654 – Ils s’accordent unanimement que la règle relative à l’homicide involontaire est déterminée par le verset coranique traitant de ce sujet.
655 – Ils s’accordent unanimement que quiconque frappe un homme avec une épée, un couteau ou la pointe d’une lance encourt la loi du talion (qiṣâṣ).
656 – Ils s’accordent unanimement qu’il y a homicide involontaire lorsqu’une personne vise un objet mais atteint par erreur quelqu’un d’autre.
657 – Ils s’accordent unanimement que, dans le cas d’un meurtre commis par un esclave, celui-ci doit être livré aux ayants droit ; seul Mâlik s’y est opposé.
658 – Ils s’accordent unanimement que ʿUmar ibn al-Khaṭṭâb — qu’Allah l’agrée — n’appliquait le ḥadd qu’à l’égard de celui dont la culpabilité lui était établie avec certitude.
659 – Ils s’accordent unanimement que l’imâm a le pouvoir d’infliger une peine de taʿzîr dans certaines affaires.
660 – Ils s’accordent unanimement que le bannissement du célibataire fornicateur est obligatoire ; seuls an-Nuʿmân et Ibn al-Ḥasan ont divergé sur ce point.
661 – Ils s’accordent unanimement que, si un homme a des rapports avec une esclave qui lui est maḥram, il est considéré comme fornicateur ; il en va de même pour l’umm walad, la mudabbara, la mukâtaba ou l’esclave partiellement affranchie : en cas d’aveu de la fornication, le ḥadd doit être appliqué.
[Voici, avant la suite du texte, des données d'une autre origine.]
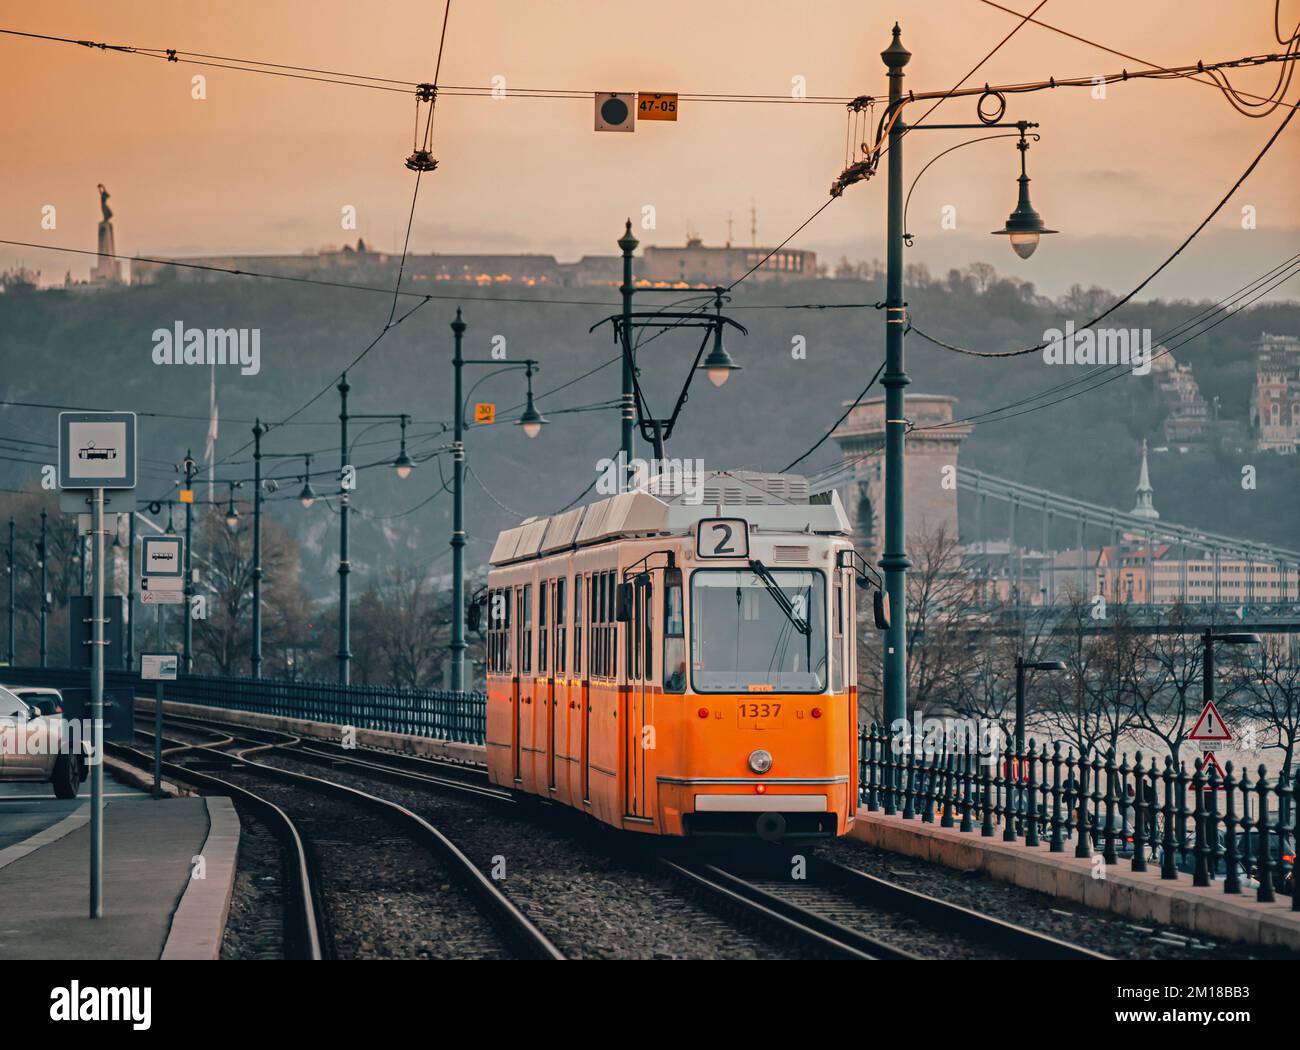 Eine alte Straßenbahn in der Nähe der Donau in Budapest. Die Straßenbahnlinie 2 mit alten Autos ist eine beliebte Touristenattraktion. Blick auf die Altstadt bei Sonnenuntergang. Stockfoto

662 – Ils s’accordent unanimement que, lorsqu’une esclave fornicatrice est ensuite affranchie, on lui applique la peine prévue pour les esclaves-femmes ; que, si elle a forniqué alors qu’elle ignorait son affranchissement, puis qu’elle l’apprend après avoir subi la peine des esclaves-femmes, le complément du ḥadd est exécuté ; et qu’il n’y a pas de ḥadd contre celui qui diffame le mukâtib, l’esclave partiellement affranchi ou la mudabbara.
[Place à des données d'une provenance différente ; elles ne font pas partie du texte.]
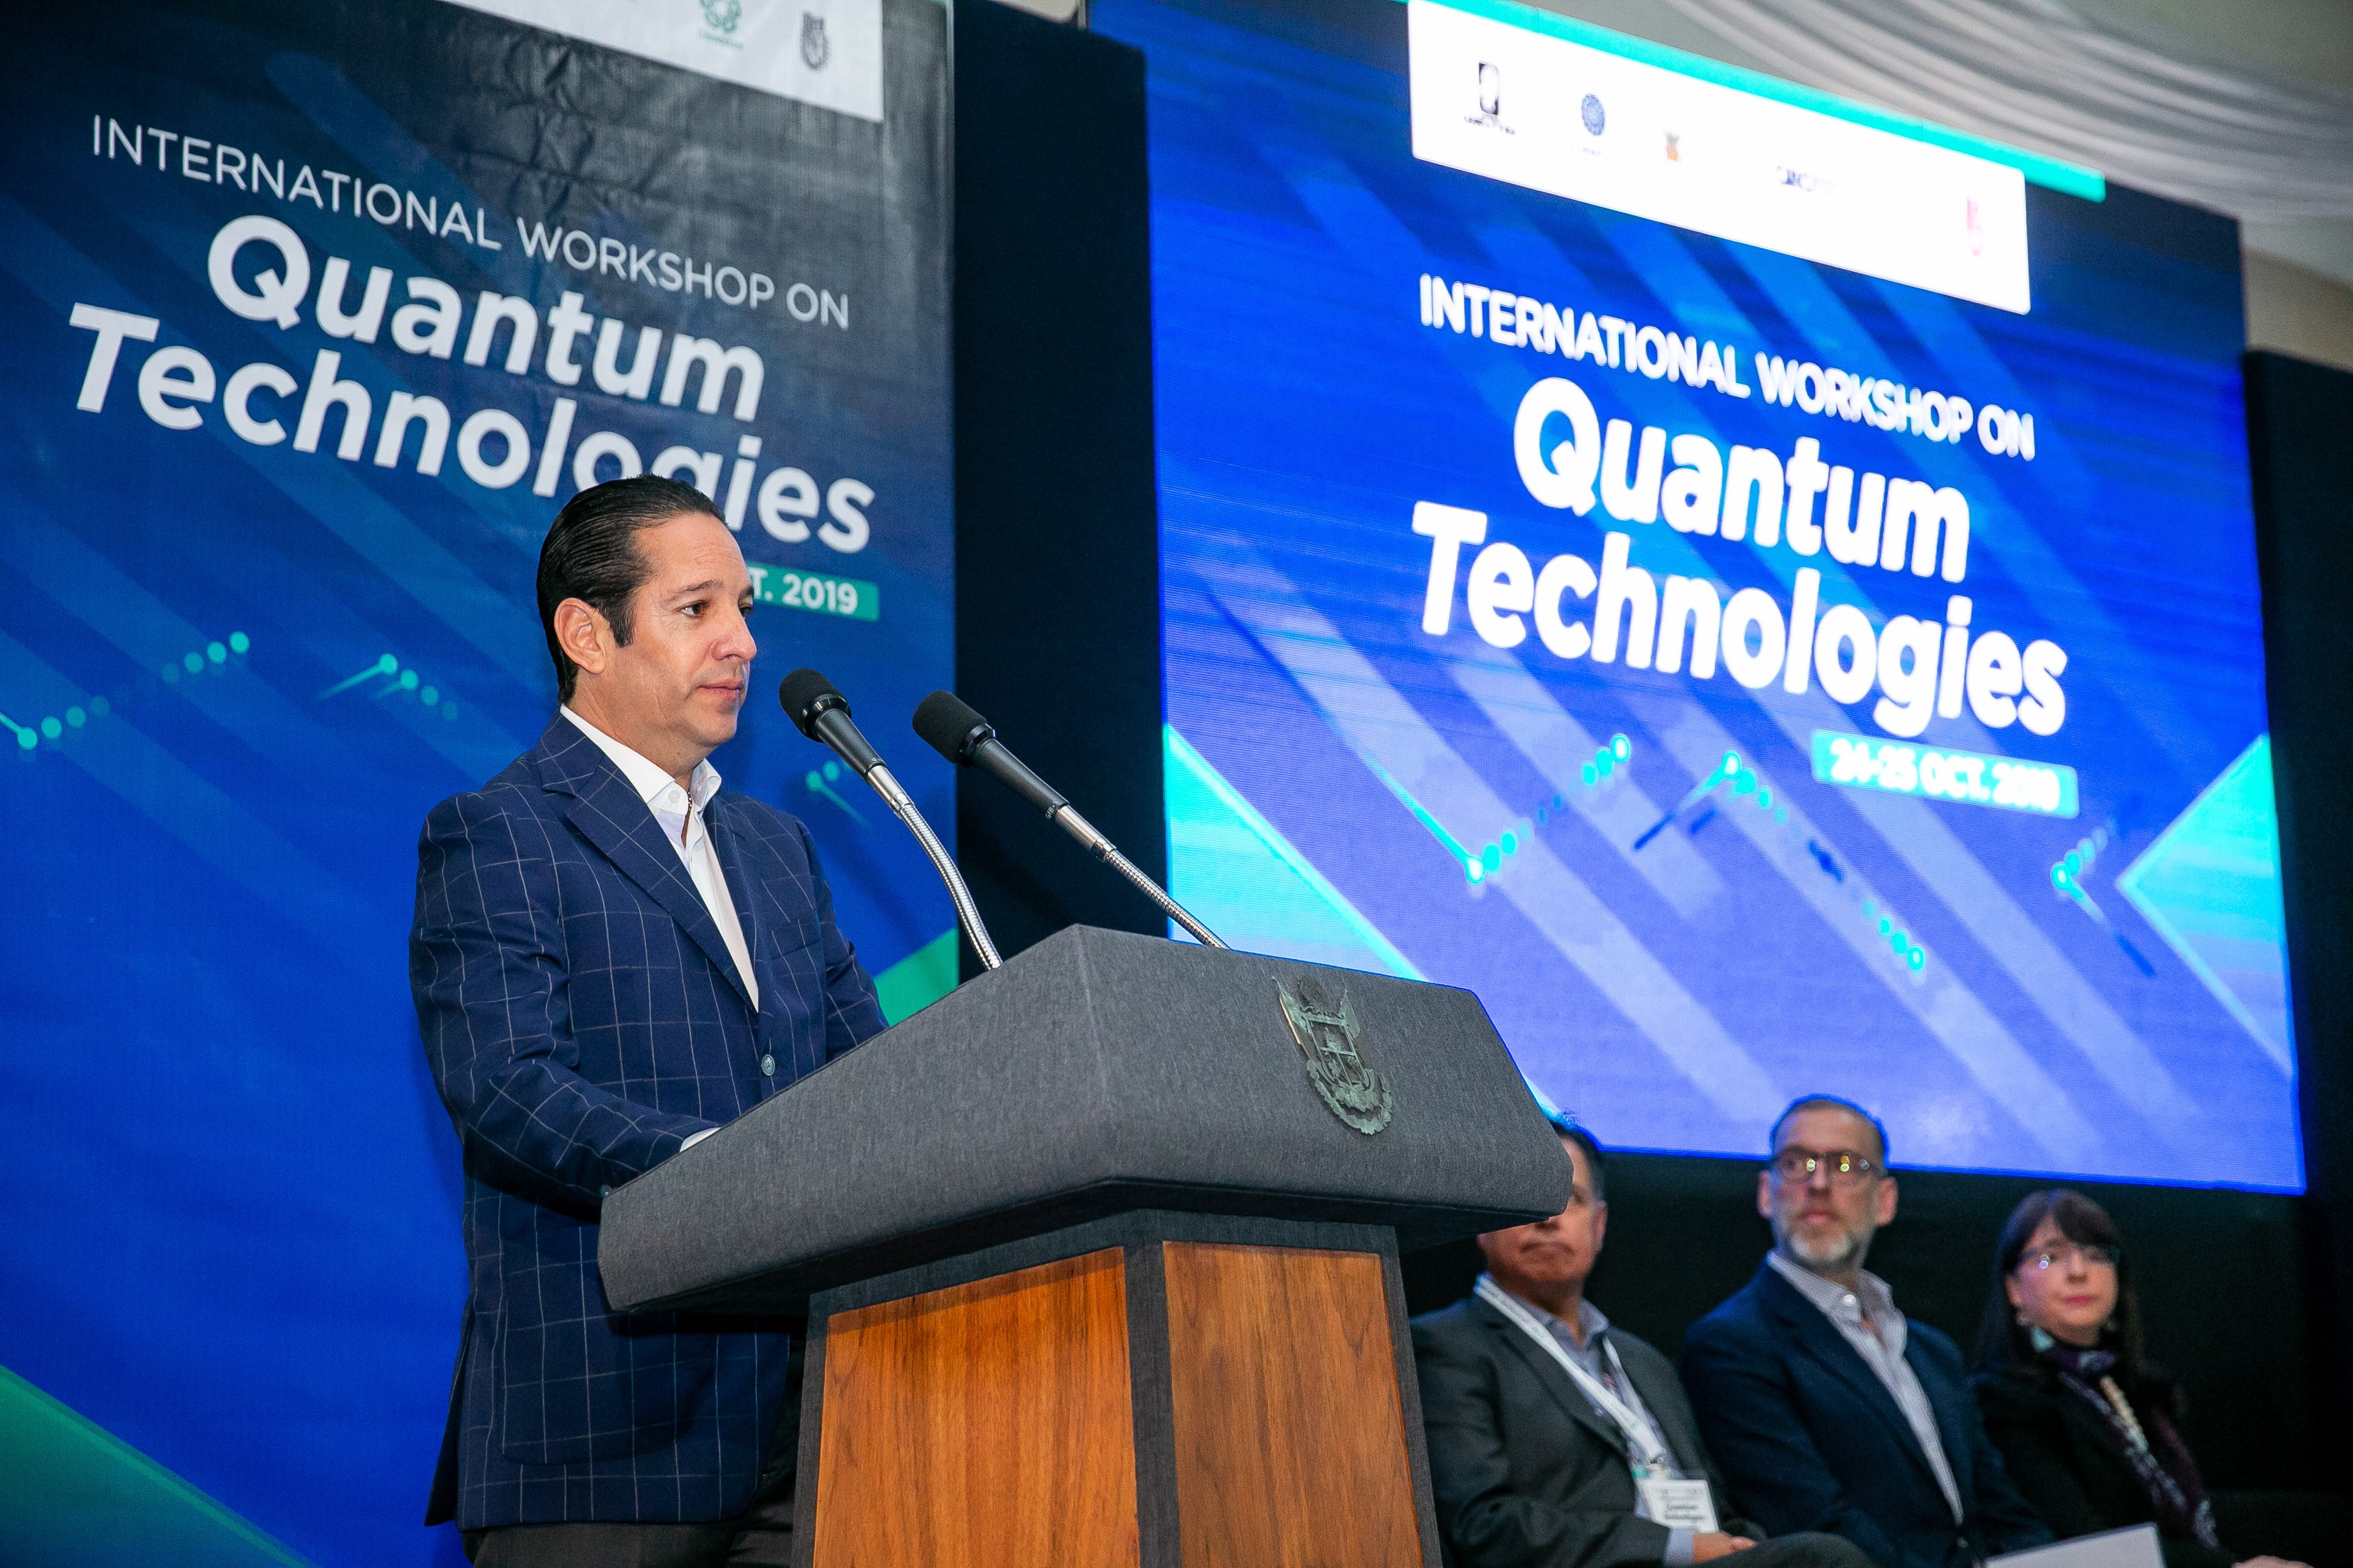 Gobernador de Querétaro inaugura el International Workshop on Quantum Technologies

663 – Ils s’accordent unanimement que l’ivrogne récidiviste, même à la quatrième fois, ne doit pas être mis à mort ; les rares avis contraires ne sont pas retenus.
664 – Ils s’accordent unanimement que la loi du talion s’applique entre hommes libres.
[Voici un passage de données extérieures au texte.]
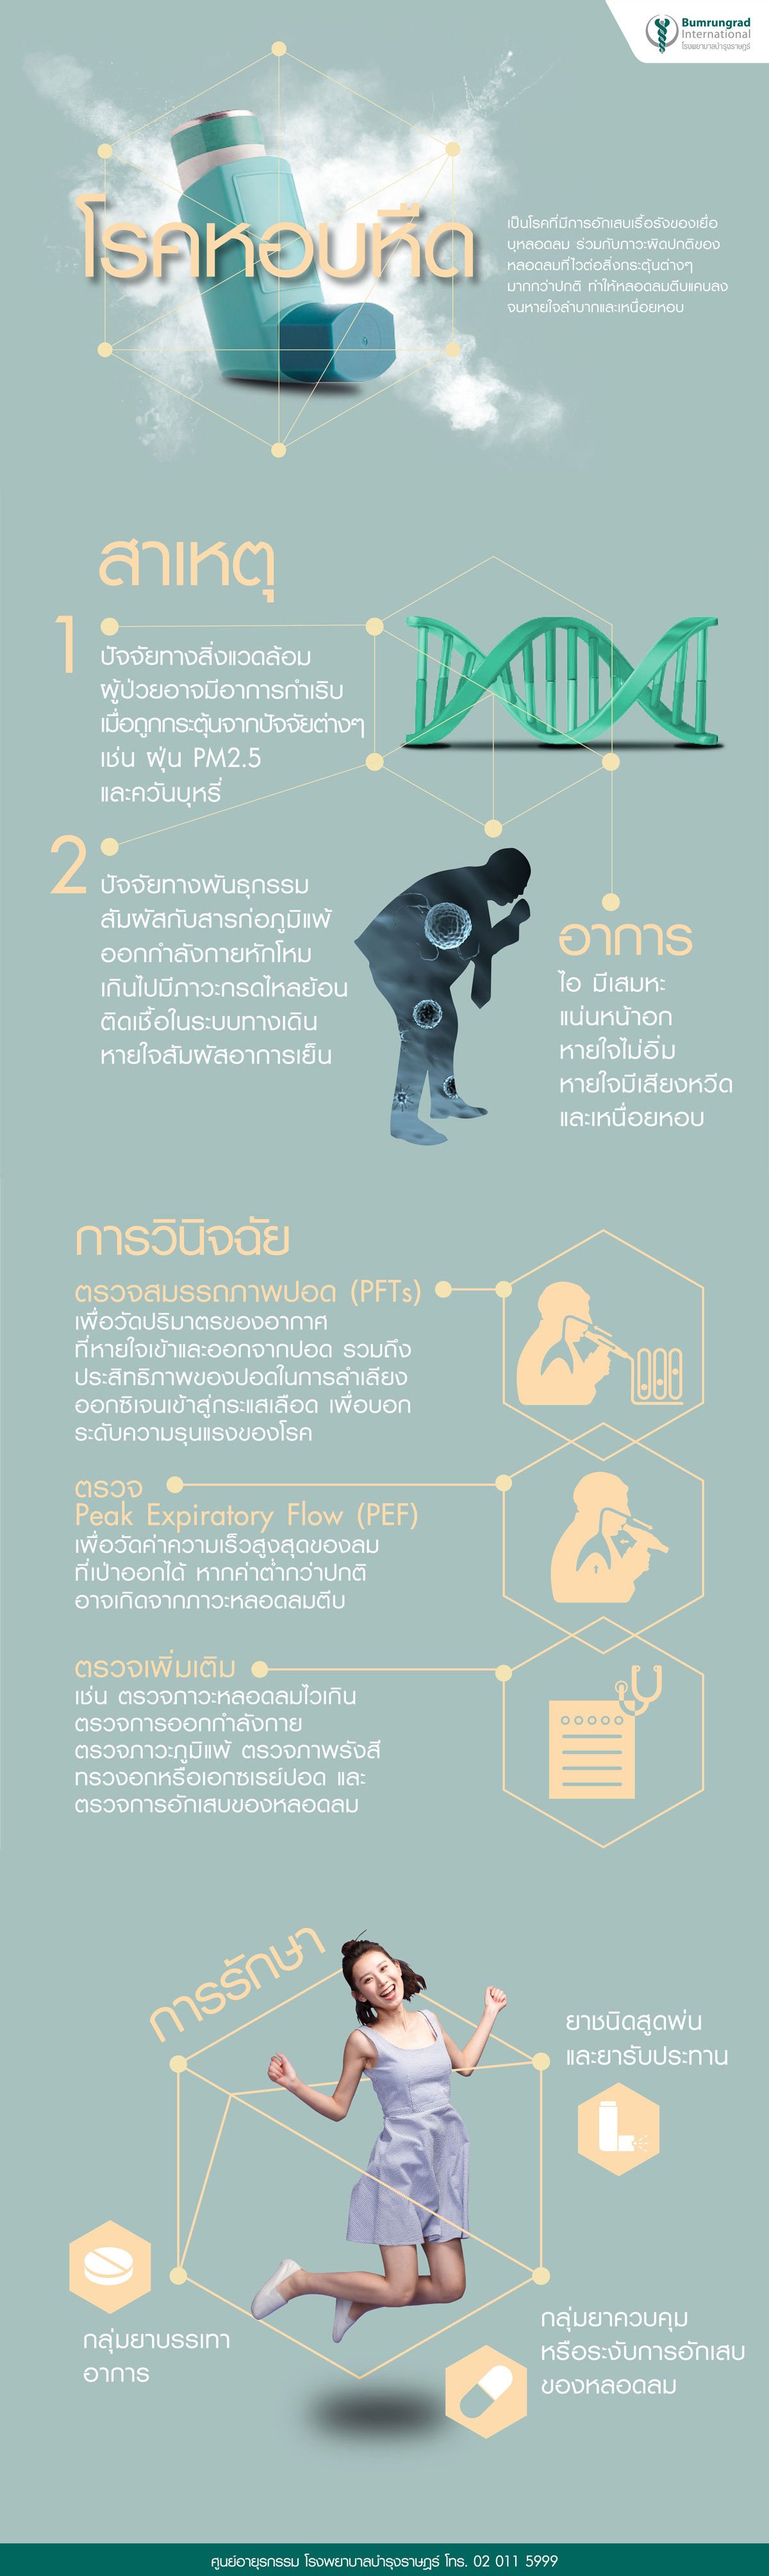 โรคหอบหืด อาการ สาเหตุ รักษา การป้องกัน ศูนย์ภูมิแพ้ infographic

665 – Ils s’accordent unanimement — et je ne connais aucune divergence à ce sujet — que, si un homme coupe la main droite d’une personne et la main gauche d’une autre, le talion est exécuté pour chacune d’elles.
(1) Ce passage est effacé dans le manuscrit Kh.
(2) Dans le manuscrit T, la leçon est : « إلا شاذًا من الناس لا » (« sauf de rares individus, non »).
٦٥٤ - وأجمعوا على أن القول في القتل الخطأ بالآية.
٦٥٥ - وأجمعوا على أن من ضرب رجلاً بسيف أو سكين أو سنان رمح أن عليه القود.
٦٥٦ - وأجمعوا على أن القتل الخطأ، أن يريد يرمي الشيء فيصيب غيره.
٦٥٧ - وأجمعوا على تسليم العبد في القتل.
وانفرد مالك: فأنكره.
٦٥٨ - وأجمعوا على أن عمر بن الخطاب (رحمه الله) كان [لا يحد إلا على من علمه] (١).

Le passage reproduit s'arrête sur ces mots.